Emerging parents power

As US campus confrontations evaporate with the summer break, a key but mostly behind-the-scenes constituency — parents of students — is flexing its power in ways that could be critical in shaping the long-term effects and future course of free speech uprisings on campuses. Many US parents — especially those with substantial financial and political clout — have been limiting or even dictating their children’s college acceptance decisions based on their own protest-related perspectives. Some have begun filing lawsuits against institutions over their responses to the protests.

The protests have largely involved students demanding protection for Palestinian civilians suffering and dying under Israeli military bombardment in Gaza. Parents can be found on both sides of that divide – some complaining that college presidents have not done enough to prevent classroom disruption, and others arguing that police power and institutional sanctions have been unfairly wielded against non-violent demonstrators.

From a legal perspective, the parents of student protesters who were arrested or suspended appear to have the stronger position, says Robert Kleinfeldt, a Florida lawyer who handles First Amendment (freedom of speech) cases.

The argument in such cases, says Kleinfeldt, is that the college or university broke its contract with its students by unfairly denying them the experience they purchased with their tuition fees. “Because you have a right to be there – you’ve paid to be there,” he says.

But from a sheer power perspective, parents who dislike the student protests appear to have the upper hand, says Mimi Doe, a college admissions adviser who counsels wealthy families in the US and abroad. Ms Doe is chief executive and a co-founder of Top Tier Admissions, a service so exclusive that she describes working with parents who can express their displeasure by cutting donations to the likes of the University of Pennsylvania or by “stepping off the board at Harvard”.

And overwhelmingly, if not exclusively, this moneyed tier consists of parents who are alarmed by the chaos surrounding student protest encampments seen in recent weeks across dozens of US campuses, and will not allow their children to attend such institutions. “They are all dismayed by this,” another elite-oriented college admissions adviser, Brian Taylor, managing partner of Ivy Coach, says of the parents he advises.

The use of legal power by such parents in higher education seems to be a natural evolution of what has been happening at the school level in the US, where parents of financial means increasingly find they can overpower local school officials. Doe says she has been an admissions adviser for about 20 years, “and I’ve seen — in the past three, four or five years — parents become even more litigious to their children’s high schools, if things are not going according to their plan”.

A common target for such alienation at the post-secondary level, she and other experts aver, is Columbia University. That Ivy League institution was the spark for the nationwide explosion of student protest, right after Republican members of the US Congress called Columbia president Baroness Shafik to Washington for a public hearing that led her to immediately order police to clear a largely peaceful gathering of student demonstrators from the lawns of her New York City campus.

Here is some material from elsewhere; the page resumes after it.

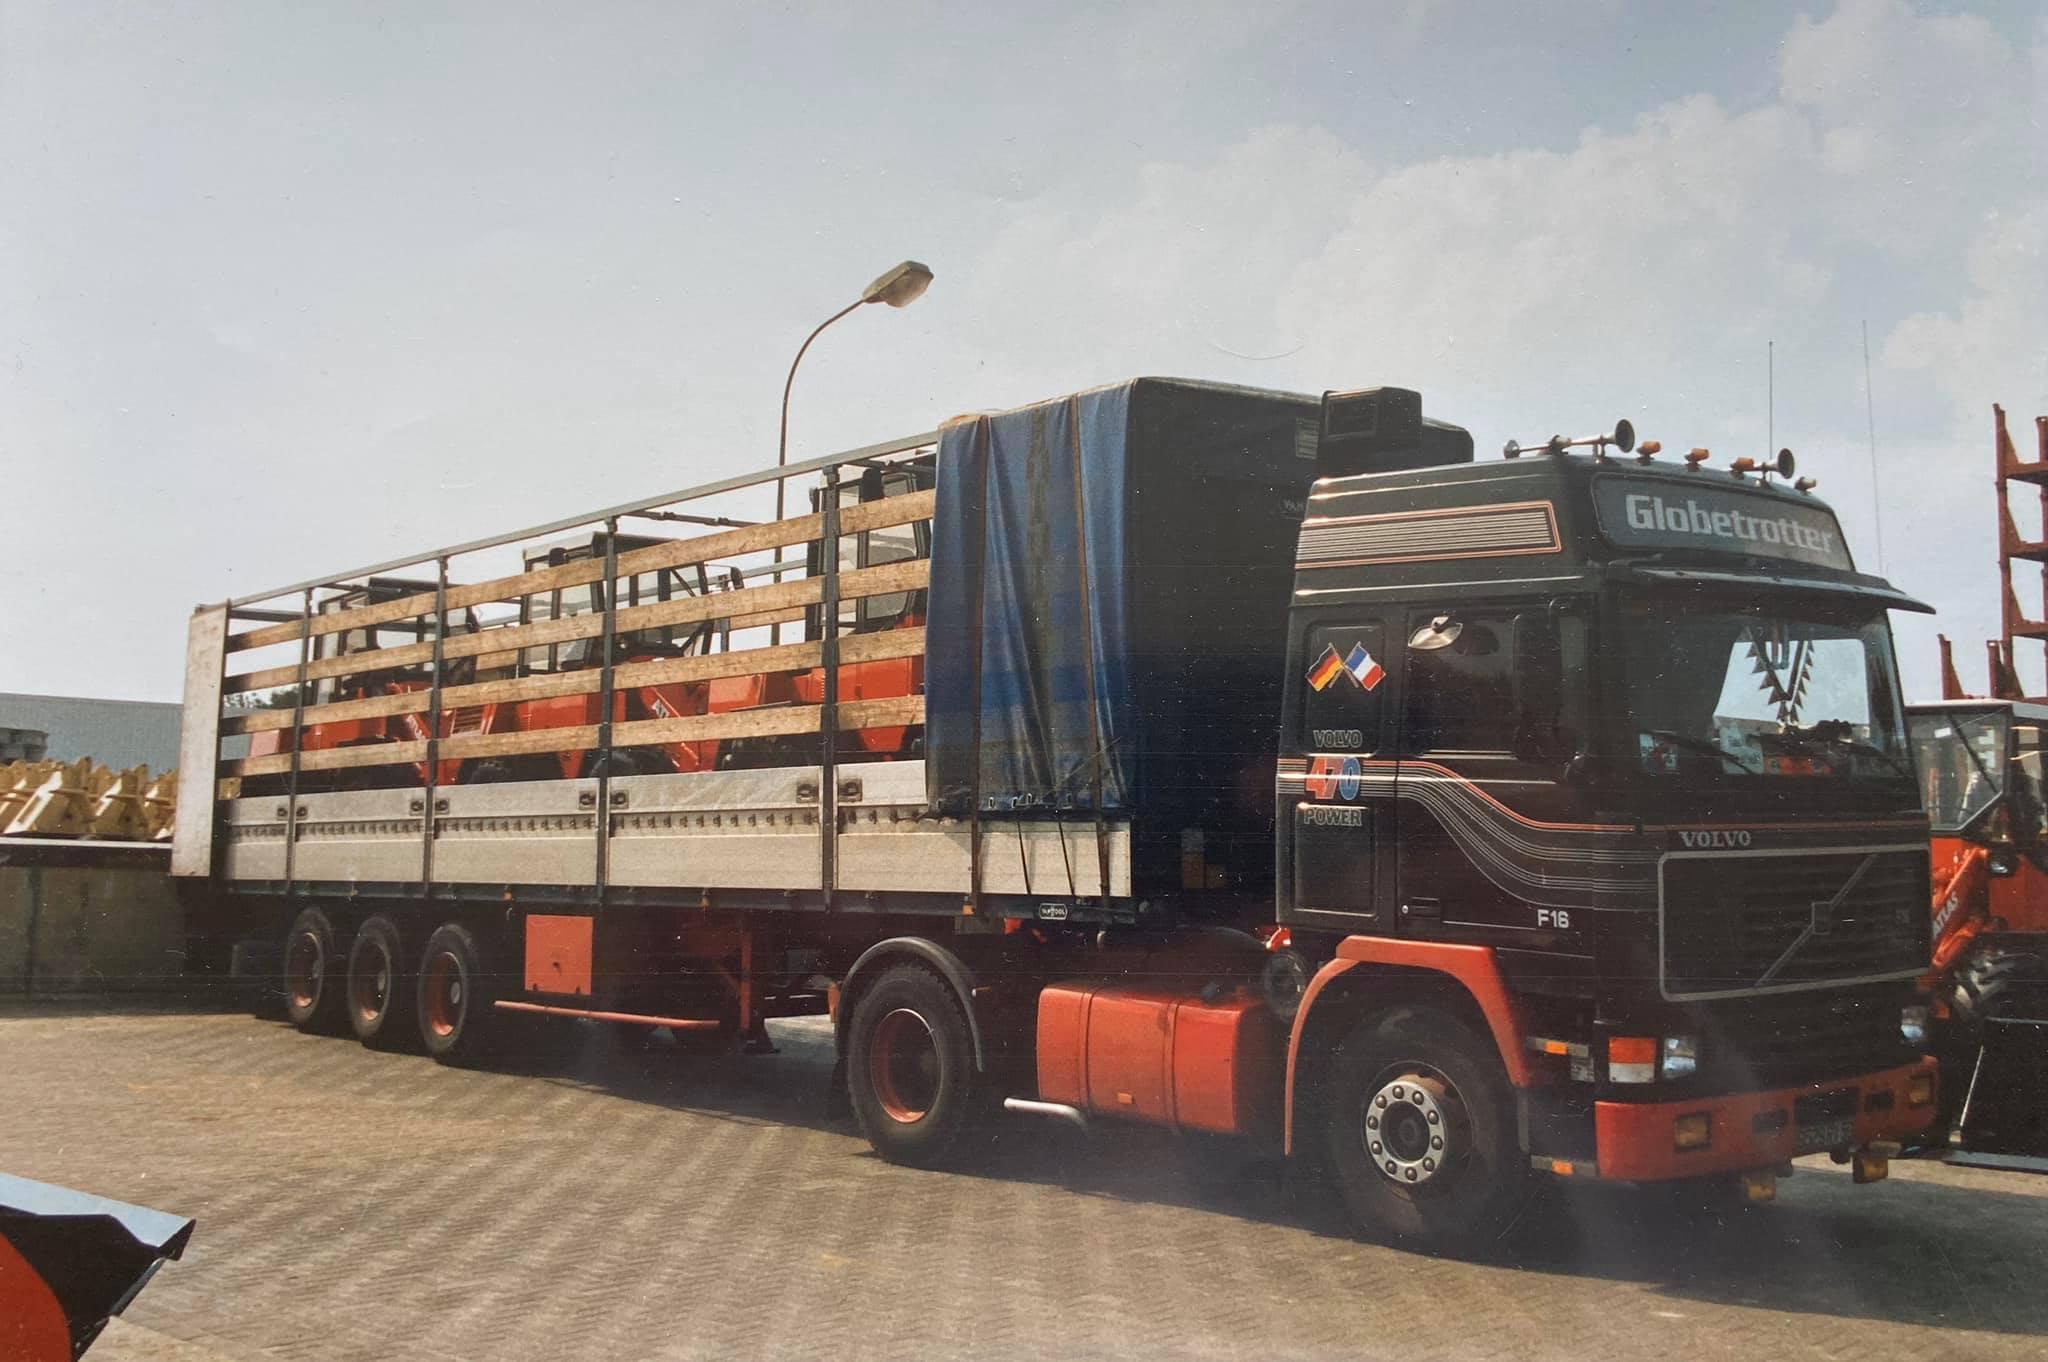 Volvo-F16--Laden-van-heftruck-in-hamburg-duitsland

Parents opposed to pro-Palestinian activism often have turned to institutions they see as offering a clearer commitment to banning overt criticism of Israel, such as Brandeis University, with its historical Jewish roots. Some parents, mirroring the political arguments made by congressional Republicans, also have suggested that they fear companies will not hire the graduates of such institutions, seeing the prolonged protest encampments as evidence that their students don’t face rigorous academic demands.